Вне всякого сомнения, предрасссудки относительно цвета кожи в XVII столетии были несколько иные, чем у зрителей XX века, и, вероятно, из зрителей шекспировского театра мало кто встречал живого нефа, но работорговля в те времена процветала вовсю, так что елизаветинцы не были настолько наивны, чтобы потешаться над негром как над заморской диковинкой. Такие строки, как:
…черный злой баран
Бесчестит вашу белую овечку…
Одна, без подобающей охраны,
В сообществе наемного гребца
В сластолюбивые объятья мавра…
Влюбилась в то, на что смотреть нельзя…
только подтверждают то, что болезненные фантазии белого человека, в которых негр рисуется одновременно как человек менее сдержанный и более неутомимый в постели, нежели он сам, — домыслы, с которыми мы, к сожалению, слишком хорошо знакомы, — были весьма распространены и во времена Шекспира.
В пьесах «Венецианский купец» и «Отелло» Венеция — это смешанное общество, где существует лишь два вида социальных связей — экономический интерес и дружба. Они могут совпадать, сосуществовать, вступать между собой в противоречие, причем в обеих пьесах это противоречие доведено до крайности.
Венеции нужны люди, умеющие наживать капитал, и самый лучший генерал, который бы охранял город. Так случилось, что самый лучший финансист, которого удалось найти, оказался евреем, а самый лучший генерал — негром; большинство горожан не торопятся принять их как родных.
Хотя оба они являются для жителей Венеции людьми со стороны, положение Отелло отличается от положения Шейлока. Во-первых, Шейлок точно так же отворачивается от благородного общества, как благородное общество — от него; он точно так же сердится, узнав о том, что Джессика стала женой Лоренцо, как Брабанцио, когда узнает о том, что Дездемона сбежала с Отелло. Во-вторых, ростовщичество, каким бы оно ни было общественно полезным, считается недостойным занятием, а воинская служба даже при том, что торговое общество не стремится к военной славе, все же вызывает у граждан уважение, и к тому же градоправители, привыкшие только заседать, видят в ней нечто романтическое и загадочное, что было бы невозможно в феодальном обществе, где о сражениях каждый знал не понаслышке.
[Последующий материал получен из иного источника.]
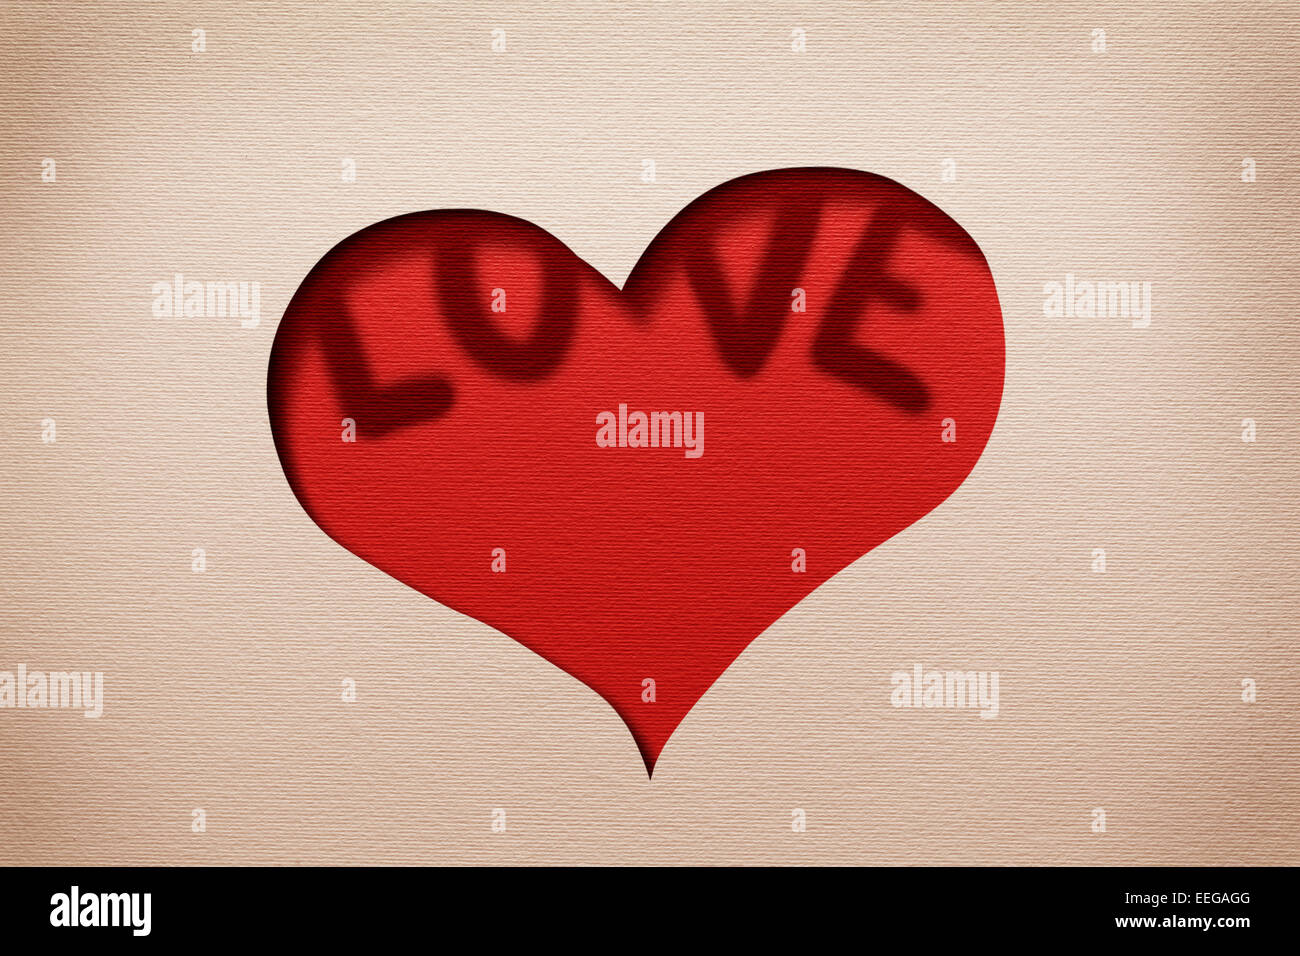 Cuore nella sfinestratura della carta con la parola 'amore' all'interno.Card design. Foto Stock

Таким образом, в Венеции никто не стал бы презирать Отелло, и, поскольку не было речи о том, чтобы породниться с мавром, Брабанцио с удовольствием принимал прославленного генерала у себя в доме, слушал его рассказы о военных походах. Отелло привык к тому, что армейские его слушаются и относятся к нему с уважением, подобающим его рангу, а когда он приезжает в город, что случается редко, белая аристократия встречает его как важную персону. Внешне никто не обращается с ним как с чужаком, не то что в случае с Шейлоком. Следовательно, ему легко убедить себя, что он стал своим в этом обществе, и когда Дездемона соглашается стать его женой, ему кажется, он получил лучшее доказательство этого признания.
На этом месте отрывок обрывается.